* Assignment *
What is needed is an exact copy of the whole listing below, with no pictures.

* Recorded data *
▶

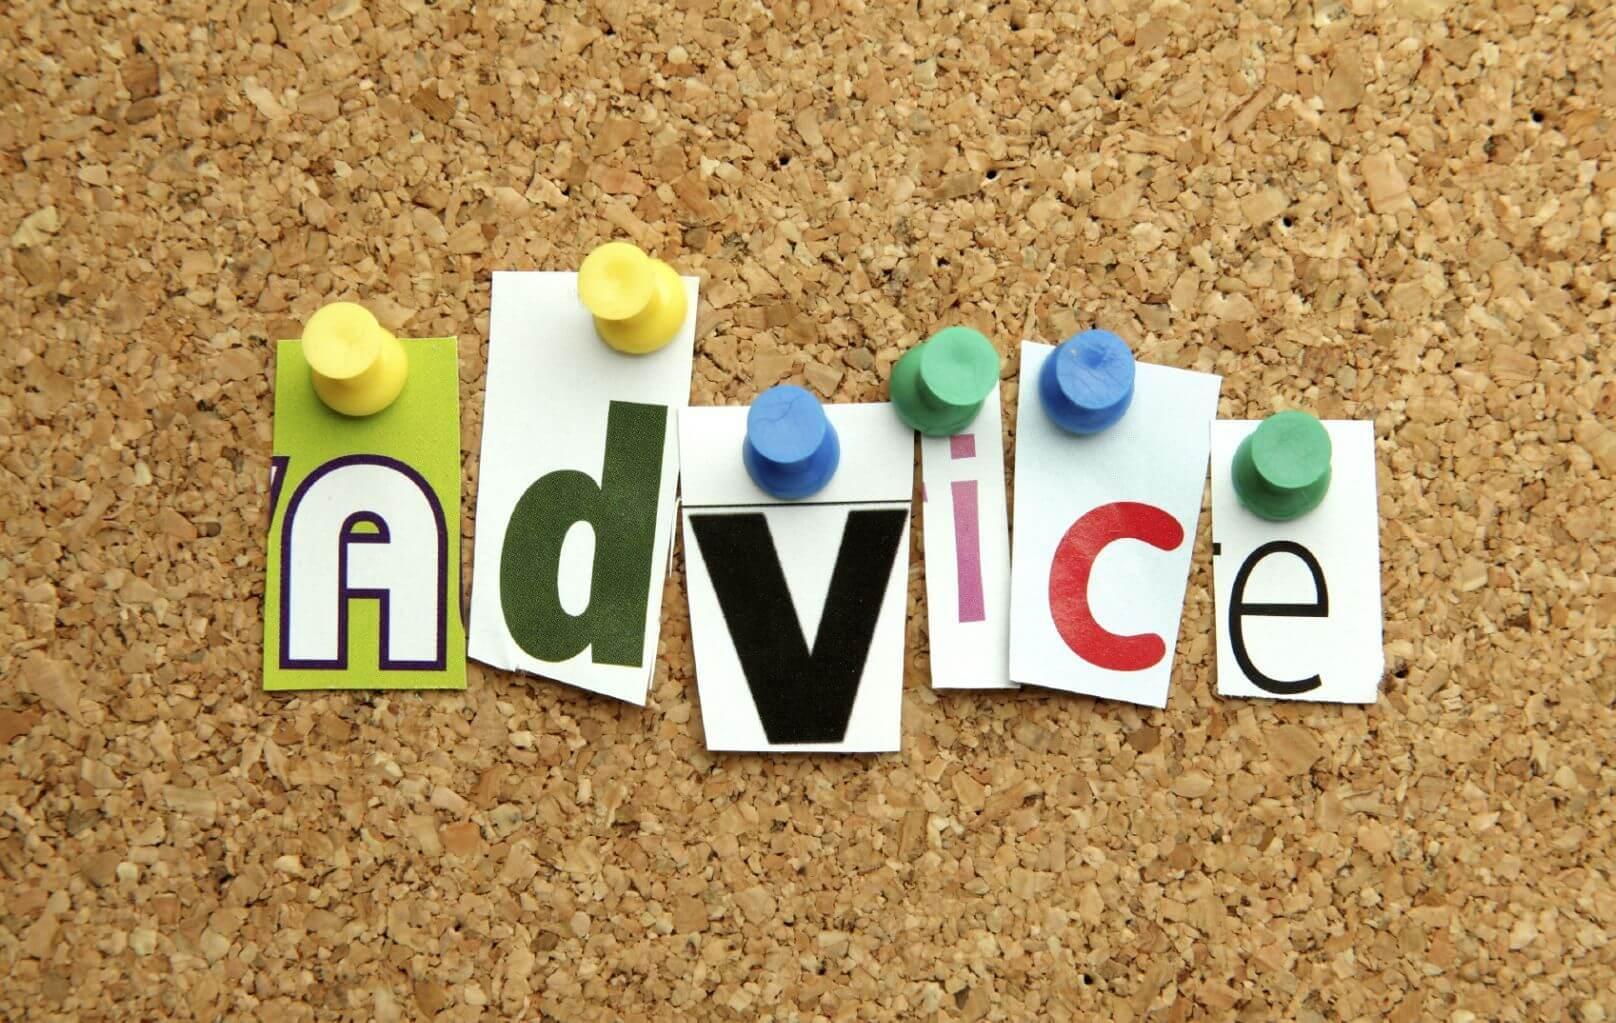 Advice tacked up on corkboard
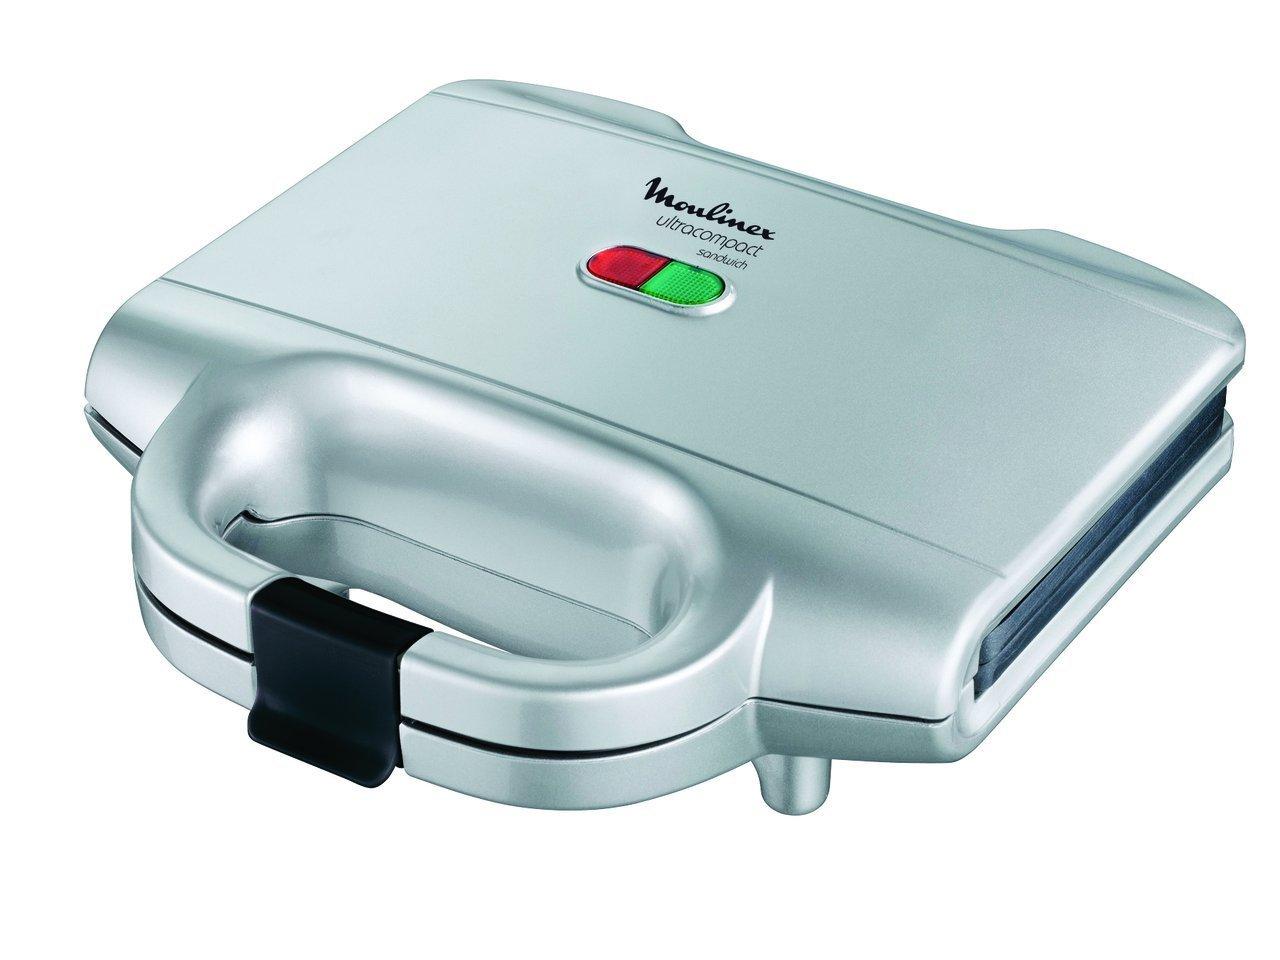 Muolinex SM1561 Piastra Elettrica Sandwich Ultracompact [Classe di efficienza energetica A] Moulinex 4725
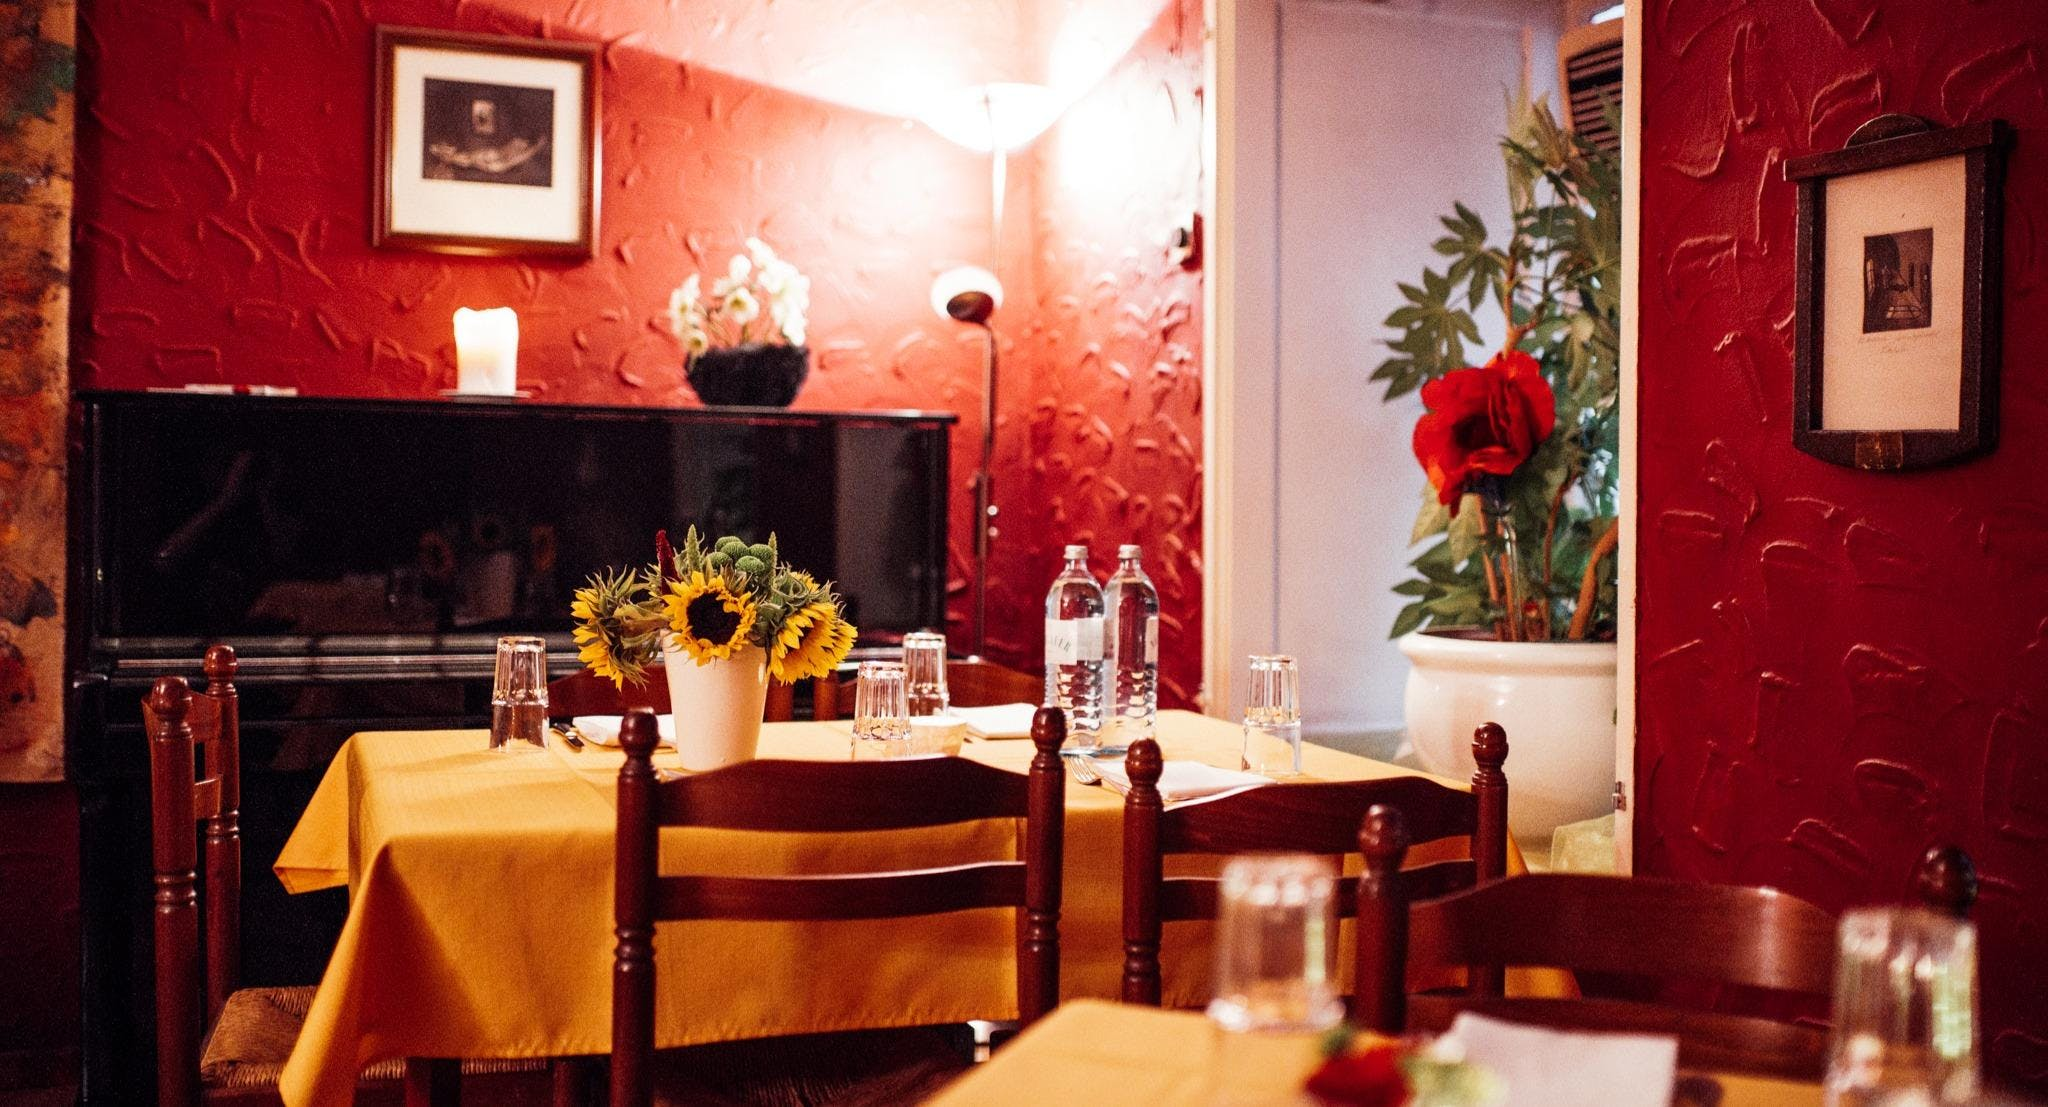 Restaurant 1070 Wien image 2

◀

* Answer area *
 Advice tacked up on corkboard
 Muolinex SM1561 Piastra Elettrica Sandwich Ultracompact [Classe di efficienza energetica A] Moulinex 4725
 Restaurant 1070 Wien image 2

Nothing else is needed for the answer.